An overview of different schemes for securing colored video is introduced. Still, they have some drawbacks and vulnerabilities: (1) the running time of the related algorithms is high and does not meet the real-time applications. (2) Some related algorithms are complex and unsuitable for IoT devices. (3) Some related algorithms evaluate their proposed work based on test images and do not investigate the test videos. (4) Some related algorithms do not investigate the effect of different noises in the security performance analysis. Motivated by previous points, this paper introduces a new scheme for securing the colored video with high-quality encryption to improve such shortcomings. The proposed scheme consists of a video preprocessing step plus four main steps: colored video components extraction and padding, frame components splitting, frame components scrambling, key generation, and diffusion step. The input-colored video is preprocessed to extract individual frames. The three video components (channels), red, green, and blue, are separated from each frame and padded by zeros. The four main steps are applied to each frame channel independently. First, the plain video frame channel is split into blocks, and the blocks are further split into sub-blocks by applying a new frame channel dividing scheme. Second, a scrambled frame channel is obtained by applying a zigzag scan in the blocks and the sub-blocks; then, a counterclockwise rotation by a 90° is applied to all blocks, and then, the blocks are shuffled randomly. Third, a key is generated based on the logistic map. Finally, the encrypted frame channel is obtained by applying the XOR function between the generated key and the scrambled frame channel.

The paper's contributions are summarized as follows:

  1. 1.

    A novel splitting method is introduced for each frame channel.

  2. 2.

    Random shuffling is performed between blocks to get a scrambled frame channel.

  3. 3.

    Diffuse the scrambled component using the logistic map, where the initial value of the logistic map is based on the first input frame component, making the proposed method robust against differential attacks.

  4. 4.

    The results show that the proposed scheme takes low processing time to encrypt the colored videos compared to the literature.

The rest of this paper is coordinated as follows. The proposed scheme is demonstrated in Sect. 2 in detail. Section 3 presents the simulation results and security analysis. Eventually, the work is concluded in Sect. 4.

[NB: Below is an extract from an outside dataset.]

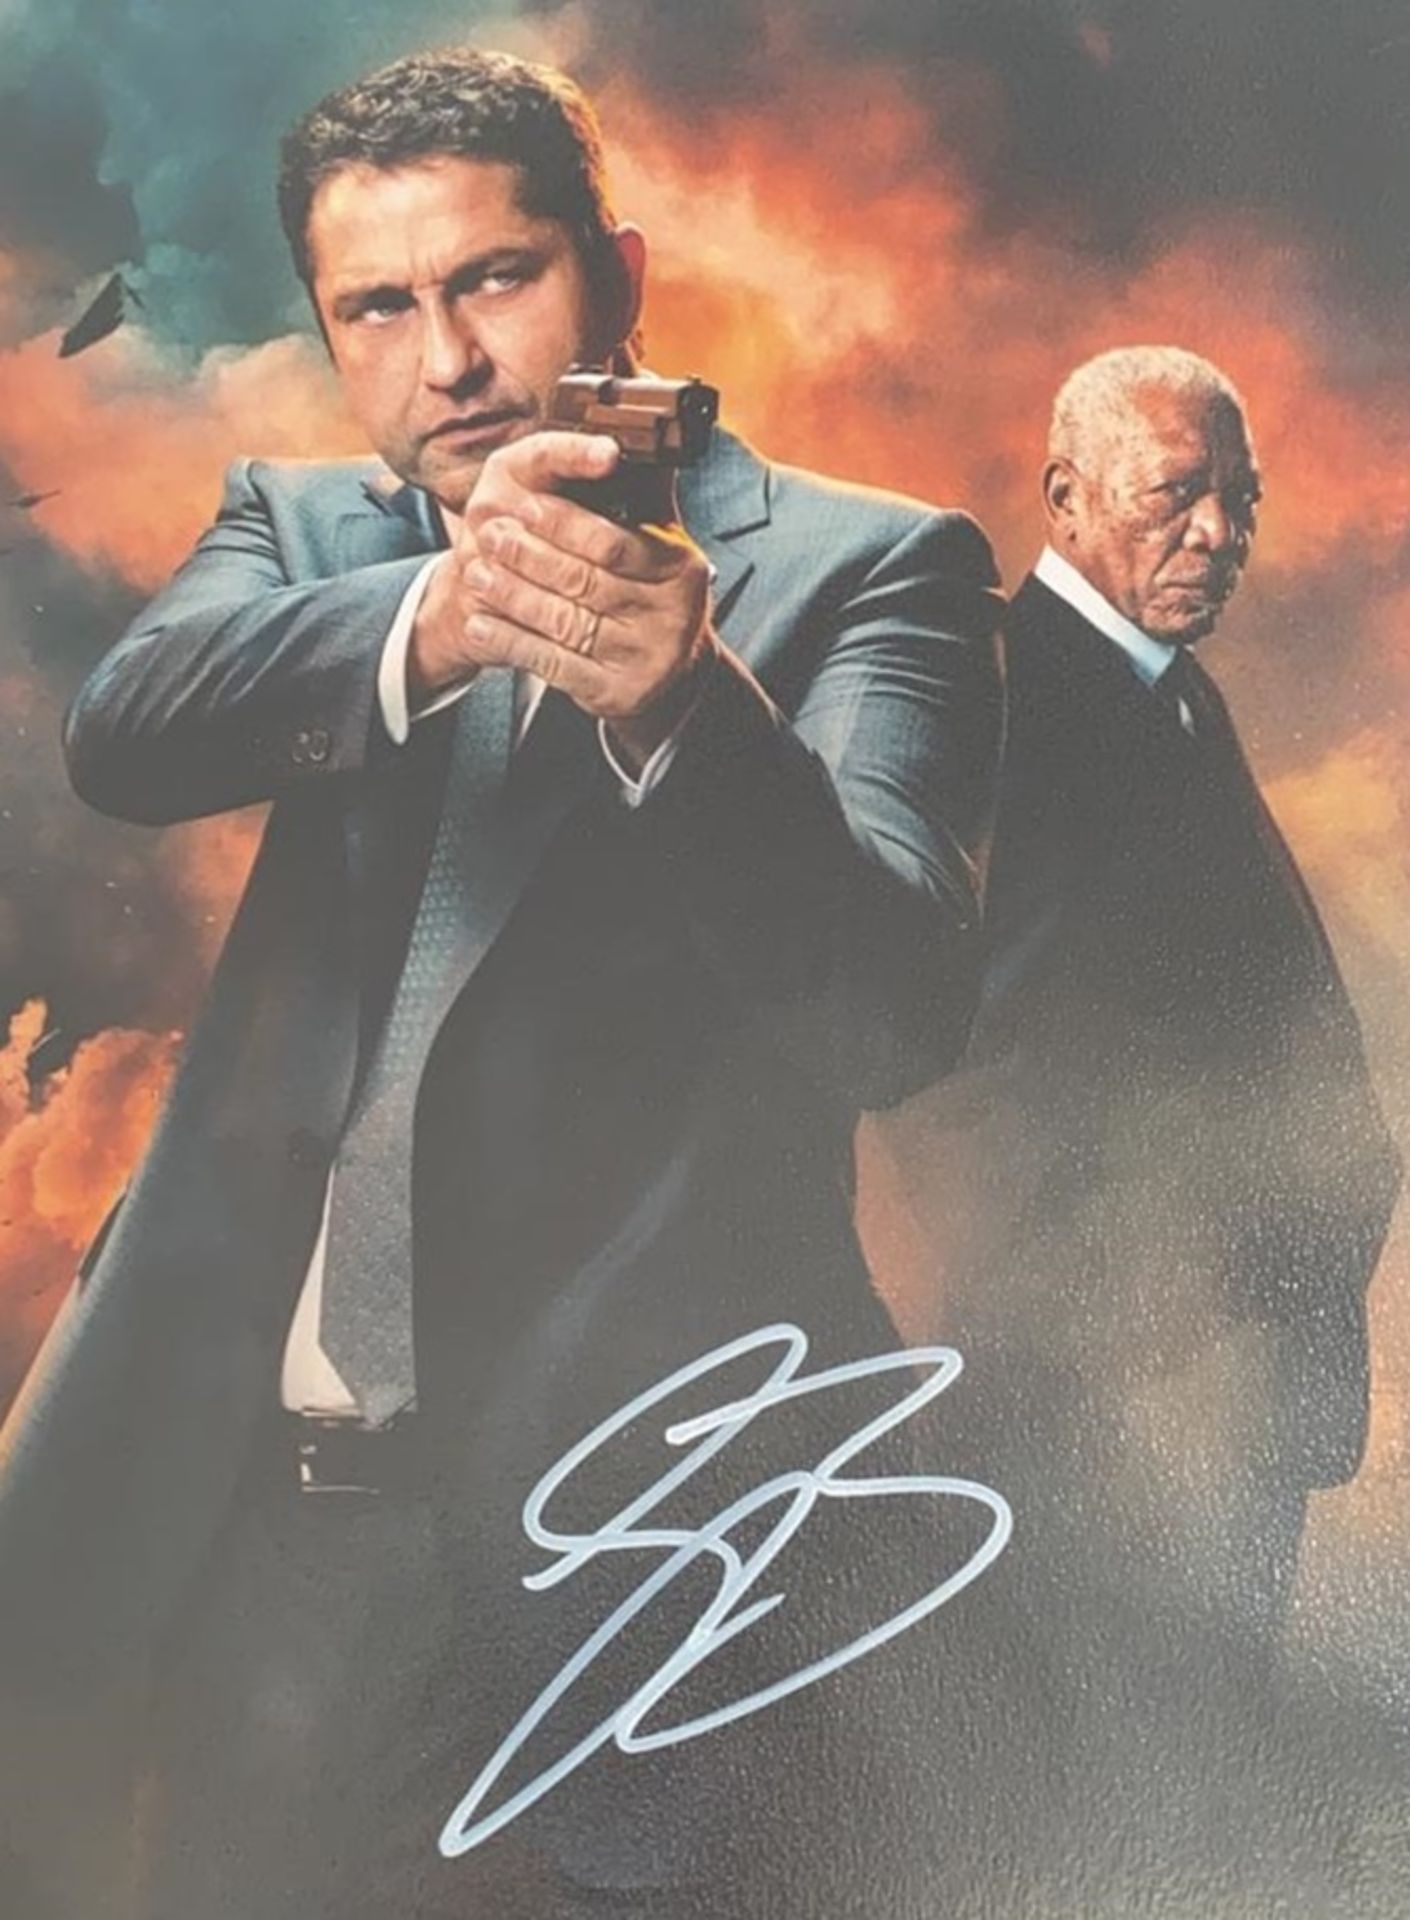 1 x Signed Autograph Picture - GERARD BUTLER ANGEL HAS FALLEN - With COA - Size 12 x 8 Inch - NO VAT

2 The proposed video encryption method

This section describes the proposed method in detail. The raw colored video is preprocessed and encrypted in an unintelligible format. The decryption process is applied to get the original colored video. Figure 2 shows an illustrative diagram of the total steps.

Fig. 2
figure 2

Colored video encryption visual diagram

2.1 Preprocessing the video

  1. A.

    Video components extraction the proposed method is applied to each frame channel independently, so the input colored video is preprocessed to extract individual frames. Then, the frame channels are separated from each frame.

  2. B.

    Frame components padding the encryption and decryption process needs the input video frame's size to be multiple of the block size. So, after the frame components are separated, it is needed to pad them by zeros according to the size of these components.

2.2 Encryption process

Here, the proposed scheme for encrypting colored video consists of four phases. These phases are performed on each channel independently. In the first phase, channel splitting is performed. In the second phase, channel scrambling (permutation) is applied. Key streams are generated from the logistic map in the third phase. The channel diffusion process is performed in the last phase.

2.2.1 Channel splitting

A raw frame channel is partitioned into blocks of equal size. The block size dimensions that the users can select from and are suitable for the scheme are 16, 32, and 64. Then, a random vector with a length equal to the number of blocks is generated. The blocks are further partitioned into sub-blocks or kept without partition based on the generated vector.

2.2.2 Channel scrambling

The arrangements of the frame channel's pixels are changed in this phase as follows:

  1. (a)

    The zigzag scan is used to permute the positions of the pixels in each block (undivided and subdivided blocks) of the divided channel.

  2. (b)

    Each block (undivided block and subdivided block) is rotated by 90°.

  3. (c)

    For every block in the divided channel, a random number is generated to create a vector \( r\).

  4. (d)

    Depending on the vector \( r\), a random permutation between blocks is performed to obtain the permuted frame channel.

2.2.3 Key generation

A new key vector \(K\) from the logistic map is generated for every frame channel. The mathematical equation of the logistic map is:

$$ Y_{n + 1} = bY_{n} \left( {1 - Y_{n} } \right) $$
(1)

where 0 < \(b\) ≤ 4, and a starting value 0 < \(Y_{0}\) < 1. When \(b\) ∈ [3.57, 4], the map is chaotic. The starting value \(Y_{0}\) depends on the input colored video. The key generation steps for every frame channel are:

  1. (a)

    The starting value of the logistic map is computed.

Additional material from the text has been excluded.